"I spent my first summer as a farmer in a tent yonder, and in several ways it was the happiest one I've ever known. I couldn't cook, and as a rule when I unyoked my oxen after the day's work I was too played out to light a fire. I lived on messes that would probably kill me now, and my clothes went to bits before the summer was half-way through, but I was bubbling over with aspirations and a whole-hearted optimism then. I had scarcely a dollar, but I had what seemed better—an unwavering belief in the future. It was just as good then to lie down, healthily tired, and listen to the little leaves whispering in the cool of the dusk as it was to get up with the dawn without a care, fit and ready for what must be done."

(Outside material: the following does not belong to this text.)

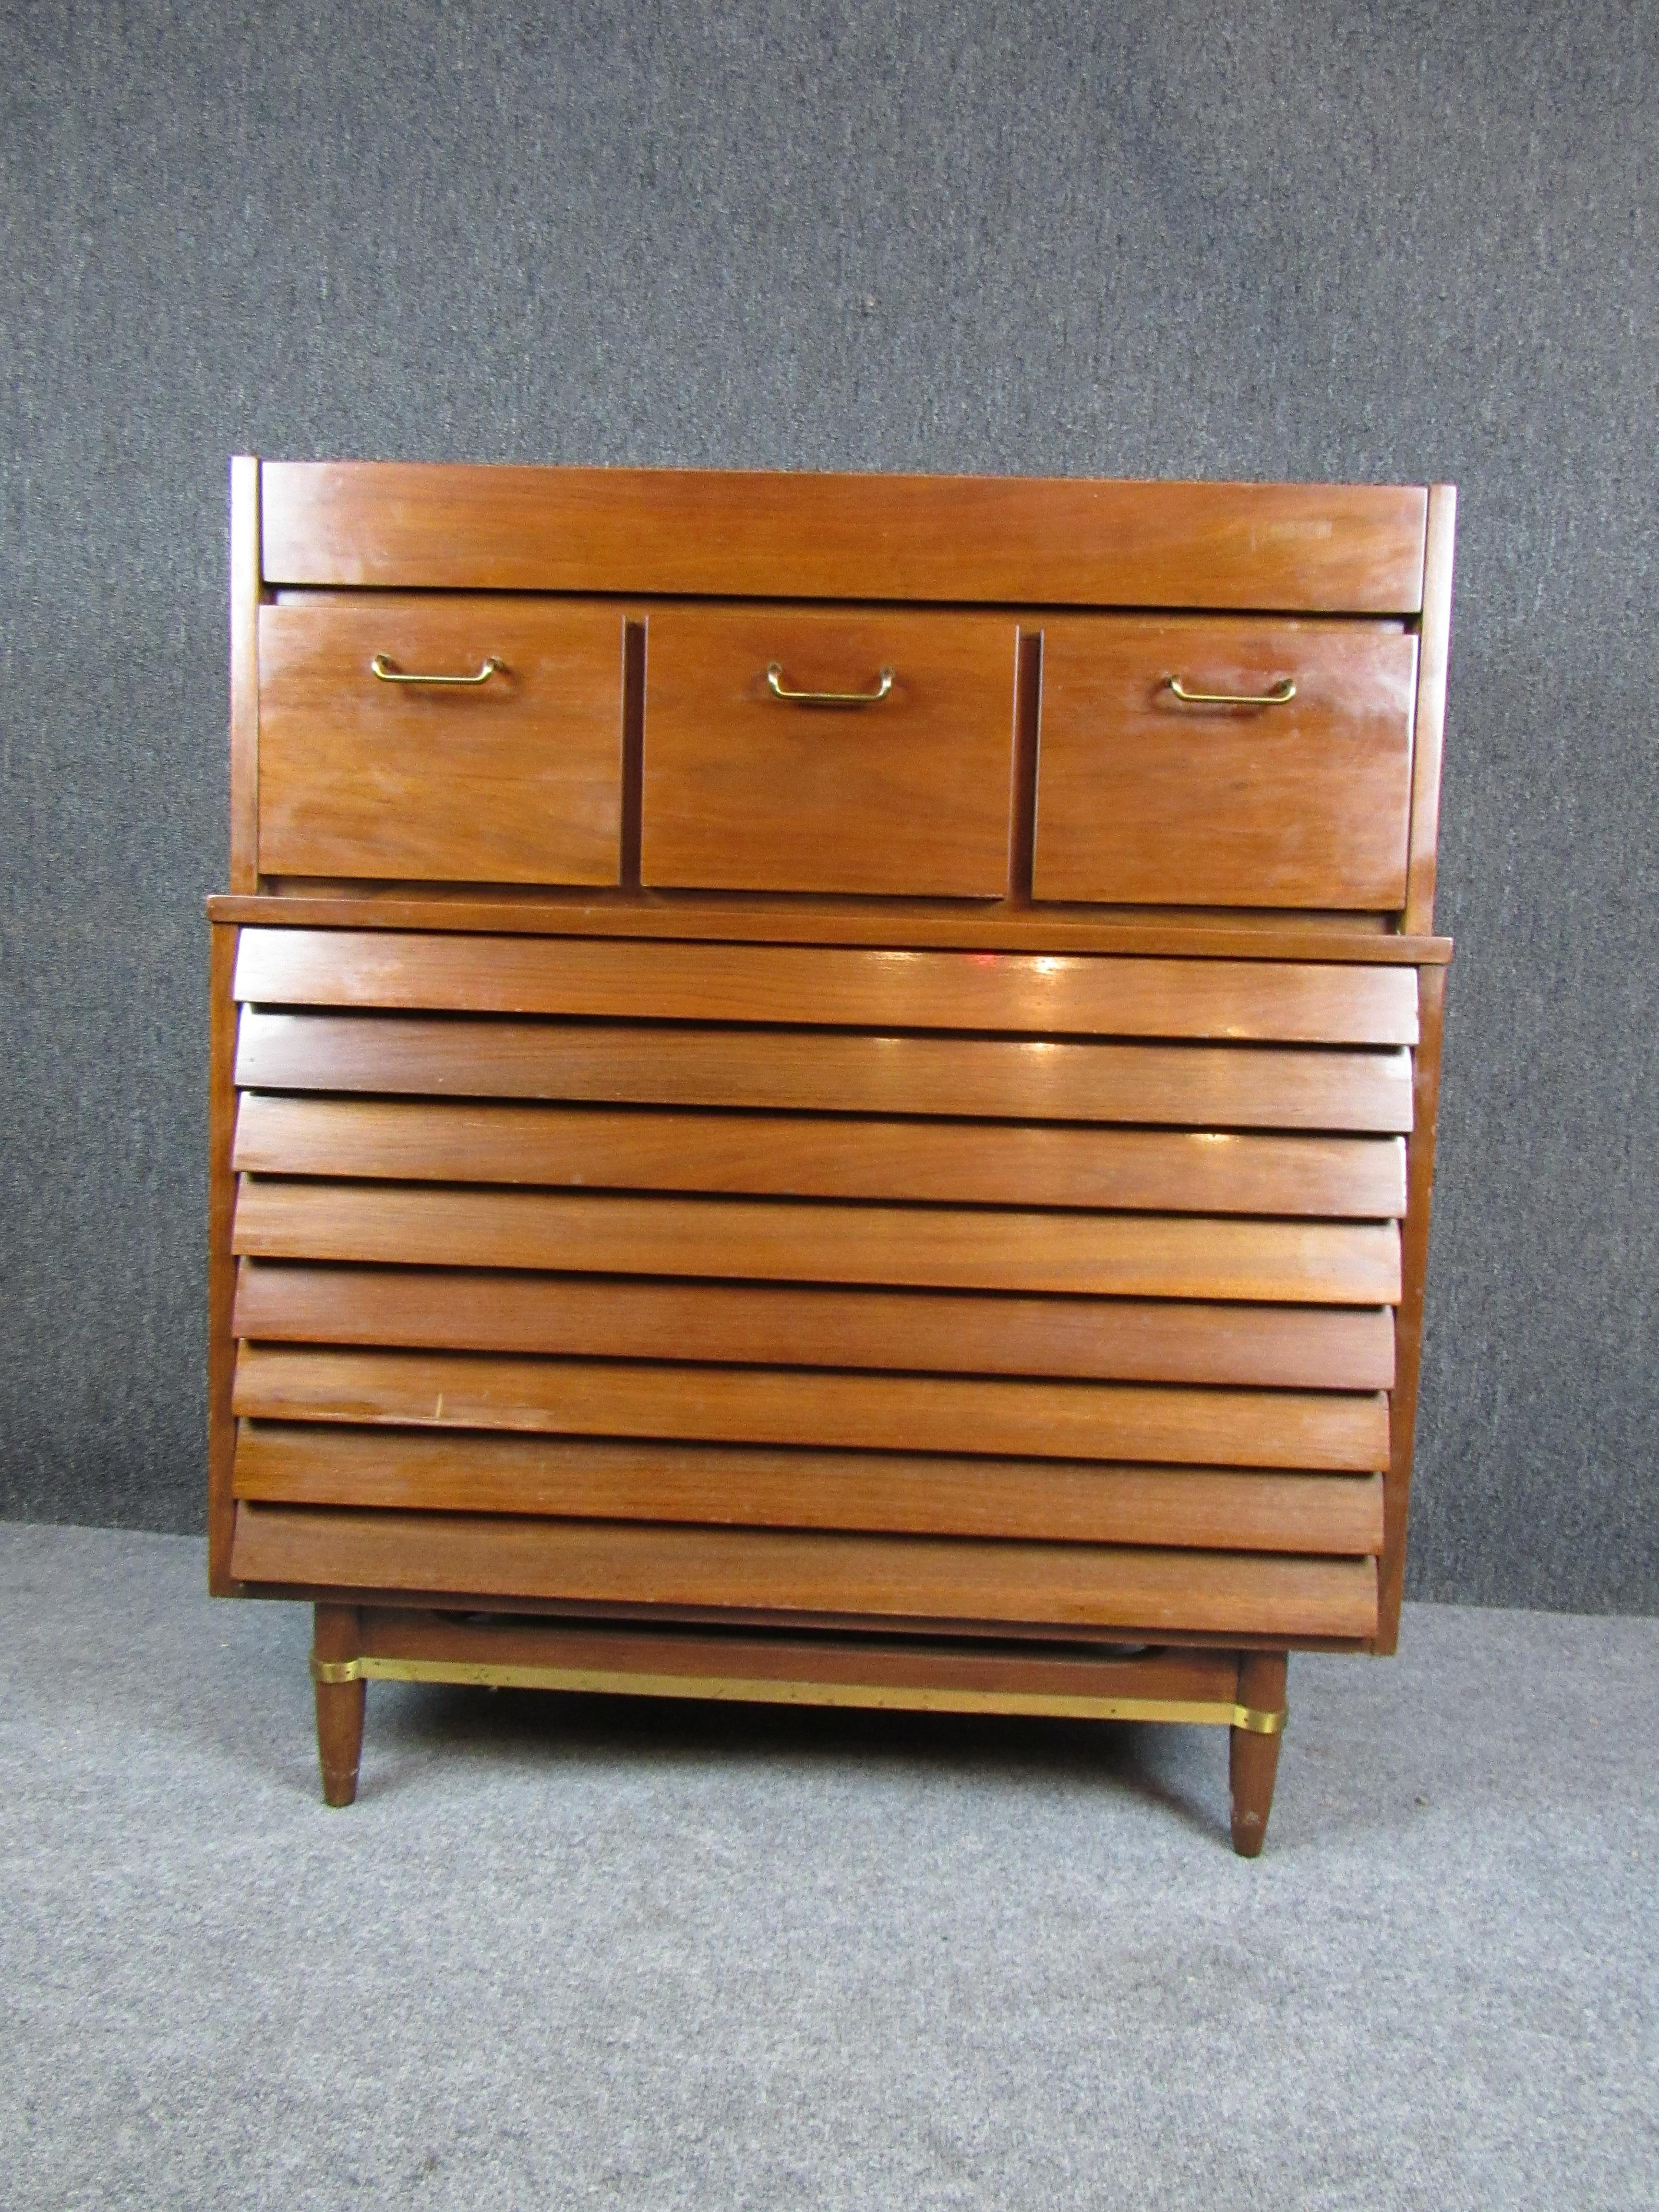 Bring home a tremendous example of authentic Mid-Century Modern furniture with this stunning dresser designed by the legendary Merton Gershun for the famed American of Martinsville furniture company. Built by genuine American craftsmen in the

"Oh, yes," assented Thorne, "I know. They never cast a stove in a foundry that would give you the same warmth as the red fire in the birch bluff, and the finest tea that goes to Russia wouldn't taste as good as what you drink flavored with wood smoke out of a blackened can. Then there's the empty prairie with the long trail leading on to something you feel will be better still beyond the horizon. Silence, space, liberty. How they get hold of you!"

"Then, what do you expect instead of them when you give them up?"

"It strikes me that you should be able to tell me."

Hunter smiled in a rather weary fashion and glanced back toward his house.

"Well," he said, "I've a place that's generally supposed to be the smartest one within sixty miles, and some status in the country, whatever it may be worth—my wife sees to that. The Grits would make me a leader if I cared for politics."

"Then why don't you? Your wife would like it."

"I think you ought to know. We both escaped from the cities, and while you drive your wagon I follow the plow. Men like you and I have nothing to do with wire-pullers' tricks, juggling committees, and shouting crowds. It's my part to make a little more wheat grow."

Thorne looked at him with a thoughtful face.

"I wonder," he said, "why you want to prevent me from doing the same?"